Actuellement la seule taxe foncière de la Métro représente une dépense de 20 € par habitant (8,8 M€ pour 445 000 habitants), soit annuellement 40 € par ménage propriétaire car en moyenne dans la Métro il y a 2 personnes par ménage. Il y a 50 % de ménages propriétaires occupants leur logement et 50 % de locataires (d’un logement de bailleur public ou de propriétaire privé).

Parmi les arguments avancés contre une augmentation de la taxe foncière de la Métro, il y a d’une part que les ménages propriétaires auraient des revenus assez faibles et d’autre part le fait qu’elle concerne des ménages occupants qui ne sont pas obligatoirement fortunés ; pour les occupants locataires tout dépend du bail de location qui fixe les règles d’augmentation du loyer.

Le président de la Métro a avancé, lors du dernier conseil de métropole, que 70 % des ménages propriétaires auraient moins de 2000 € par mois de revenu.

Cette information est erronée

L’INSEE fournit la variation des revenus des ménages métropolitains par unité de consommation (UC) pour les locataires et les propriétaires en 2019. Voici comment est calculé le nombre d’UC par ménage :

1 UC pour le premier adulte du ménage, 0,5 UC pour les autres personnes de 14 ans ou plus, puis 0,3 UC pour les enfants de moins de 14 ans.

Comme il y a en moyenne 2 personnes par ménage, le ménage moyen a environ 1,5 UC.

Important : le revenu disponible est le revenu à la disposition du ménage pour consommer et épargner. Il comprend tous les revenus et les prestations sociales reçues. Les impôts (impôt sur le revenu et locaux) sont déduits ainsi que les prélèvements sociaux : Contribution Sociale Généralisée (CSG), Contribution au Remboursement de la Dette Sociale (CRDS).

La médiane des revenus par UC sur la Métro pour les propriétaires est de 27 090 € et seulement de 17 350 € pour les locataires.
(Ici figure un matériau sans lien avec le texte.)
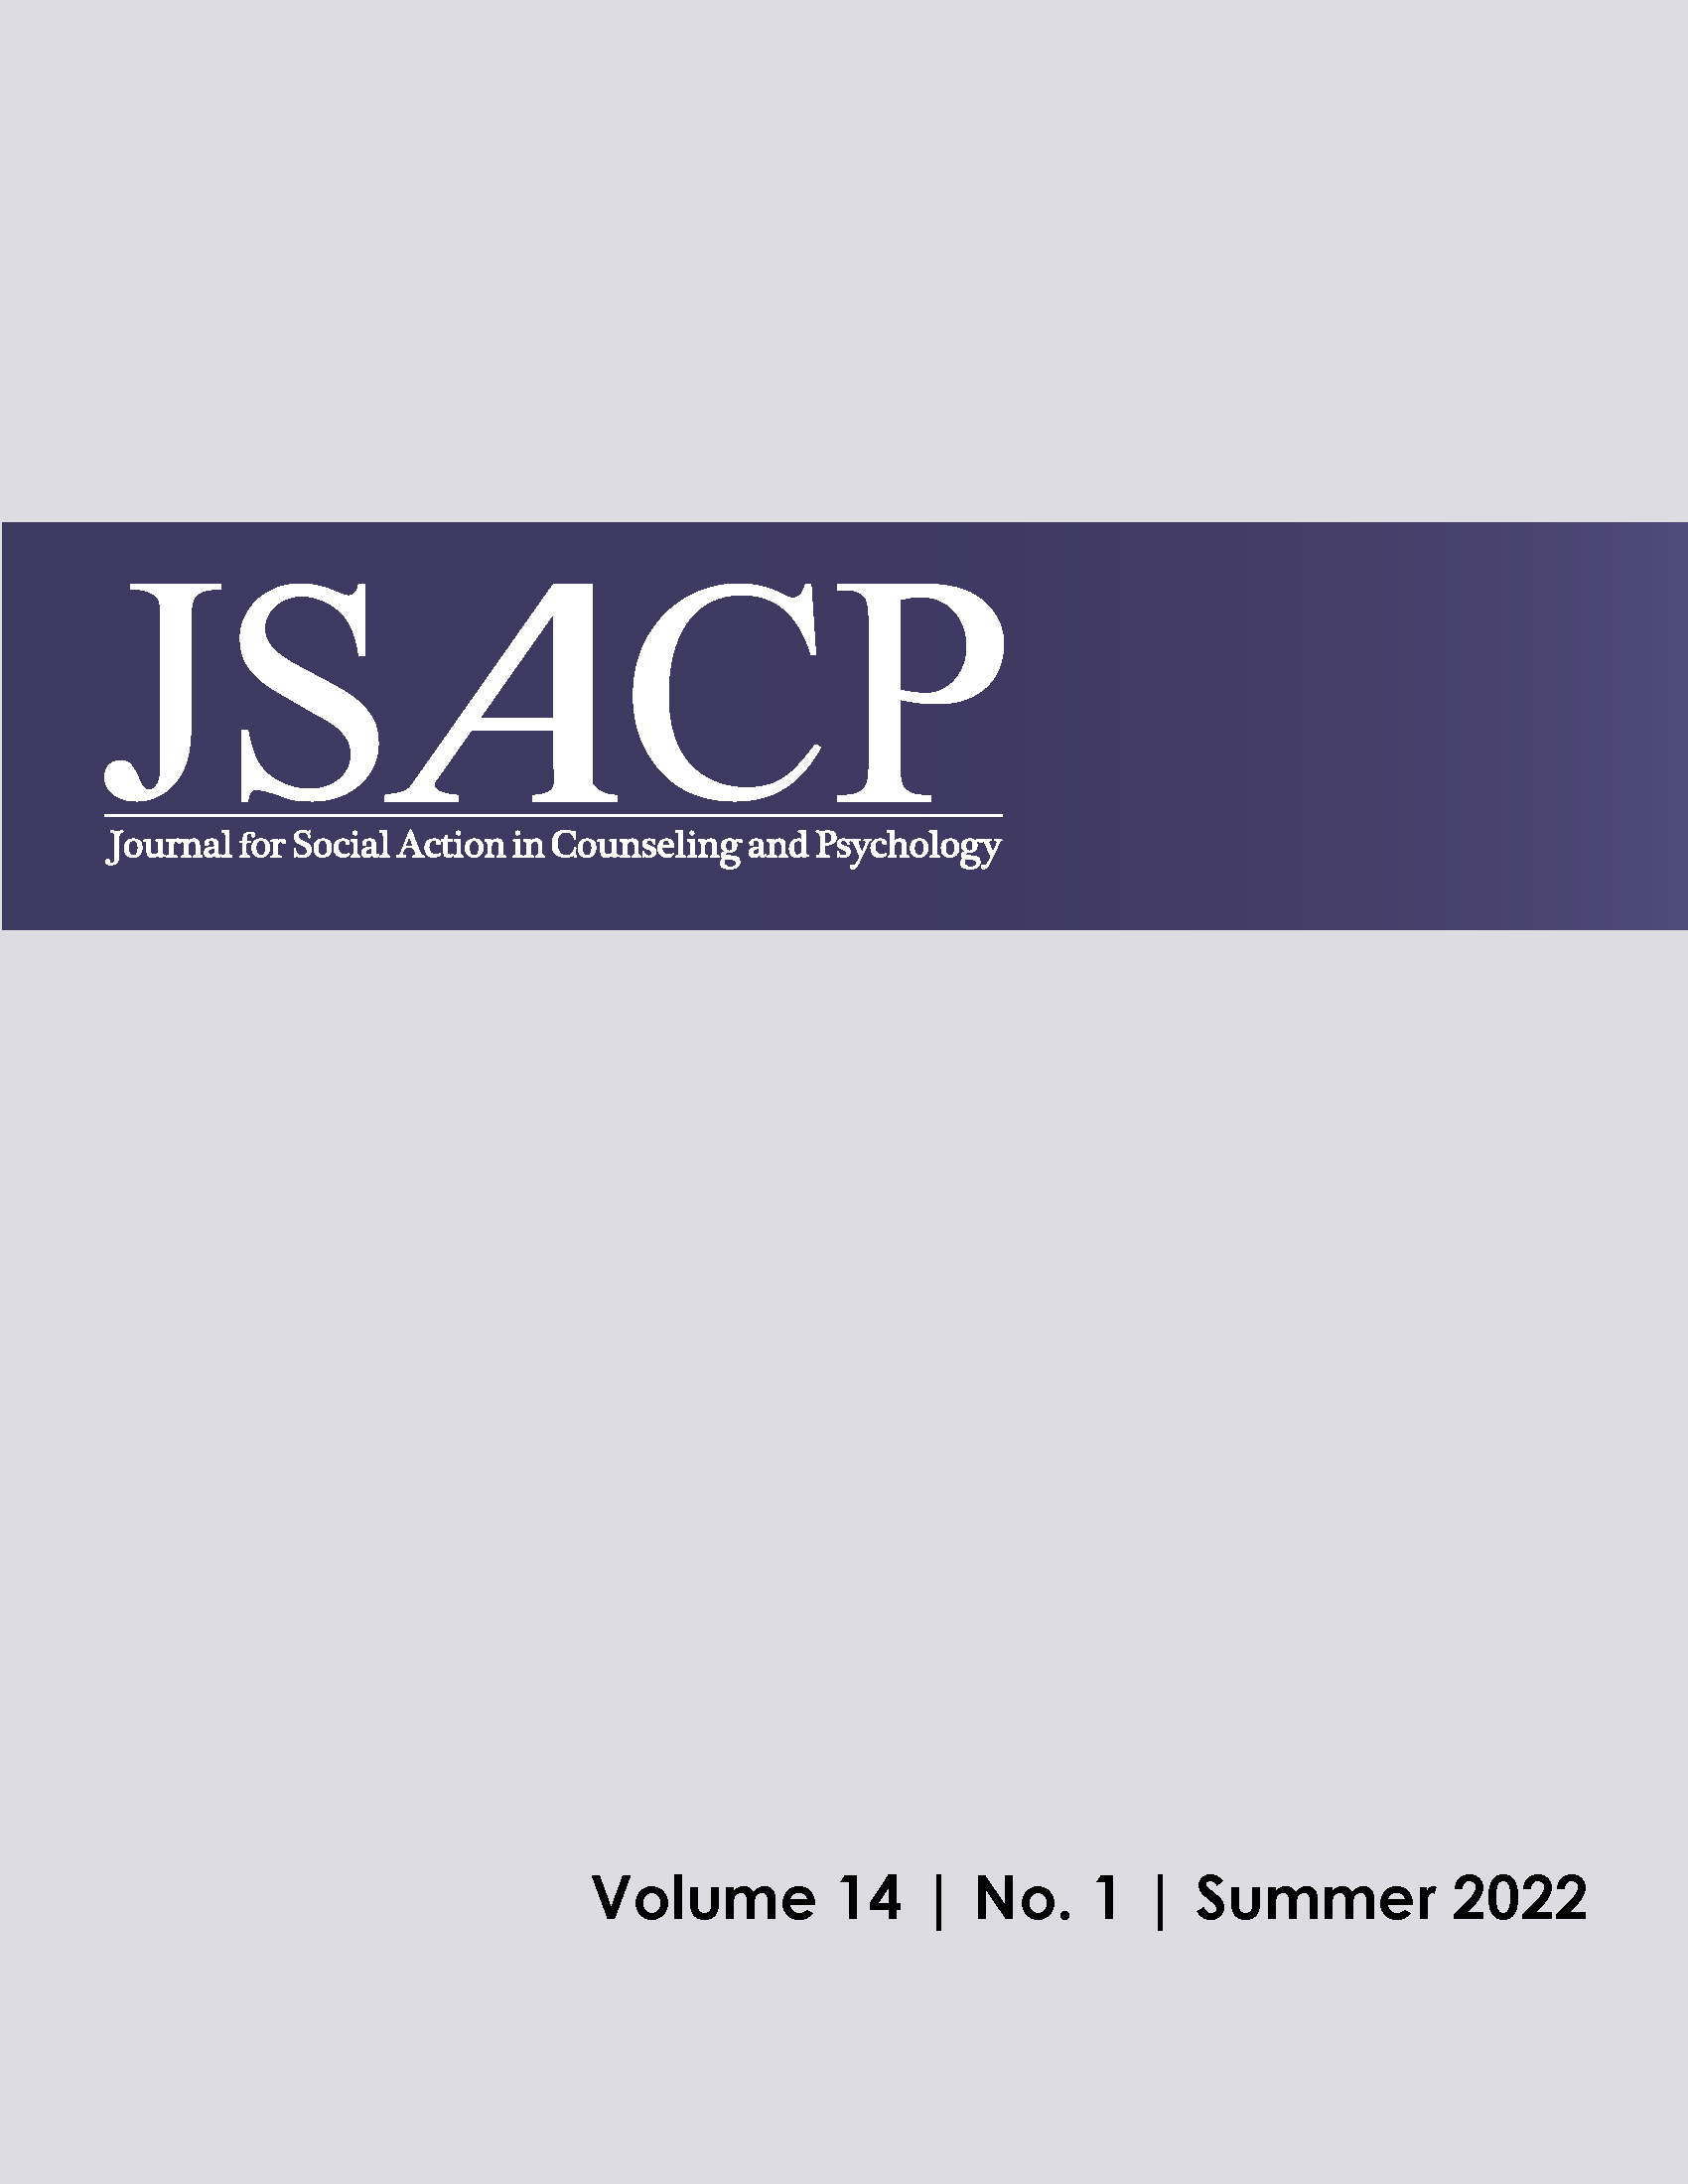 					View Vol. 14 No. 1 (2022): Journal for Social Action in Counseling and Psychology - Special Issue: Curriculum & Training pt. 1, Summer 2022

On peut alors estimer que le ménage propriétaire moyen a 3000 € par mois de disponible, alors que le locataire moyen seulement 2000 € par mois. Dans le graphique ci-dessous sont représentés les revenus disponibles en 2019 par UC.

Pour avoir une estimation raisonnable des revenus des propriétaires par ménage, il faut multiplier les valeurs qui apparaissent dans le graphique par 1,5.

Il y a seulement 10 % (1er décile) des ménages propriétaires qui ont moins de 2000 € par mois de revenu disponible (valeurs 2019, soit 24 000 euros par an). Il y a seulement 5% des ménages propriétaires en dessous du seuil de pauvreté 1100 € par mois par UC (soit 1650 € par mois pour 1,5 UC).

En conséquence : une augmentation mesurée du montant de la taxe foncière métropolitaine n’impactera que très faiblement les ménages propriétaires dans l’agglomération, alors qu’ils auront bénéficié d’une forte diminution de la Taxe d’Habitation de la Métro et des communes.

Si l’utilisation de cette légère augmentation est d’intérêt général, à condition d’être réellement utilisée dans l’intérêt général pour mieux préparer l’avenir de la population dans l’agglomération, elle serait alors fondée et la majorité métropolitaine serait bien inspirée de la décider. D’autant plus que les difficultés budgétaires de l’Etat auront pour conséquences dans les futures lois de finances, de « sur-solliciter » les collectivités, comme cela a toujours été fait par le passé (et dernièrement en transférant par exemple à la Métro les charges de prévention des inondations GEMAPI). Redonner des moyens aux politiques publiques de compétence de la Métro pour mieux renforcer les priorités sociales et écologiques, est une orientation politique responsable pour toutes et tous dans la Métro. Cela n’empêche pas que la Métro réoriente sérieusement ses priorités et organise l’efficacité et le contrôle des services publics qu’elle gère en direct et ceux qu’elle délègue encore au privé, et évite des dépenses peu utiles ou des décisions sans analyse des coûts de fonctionnement.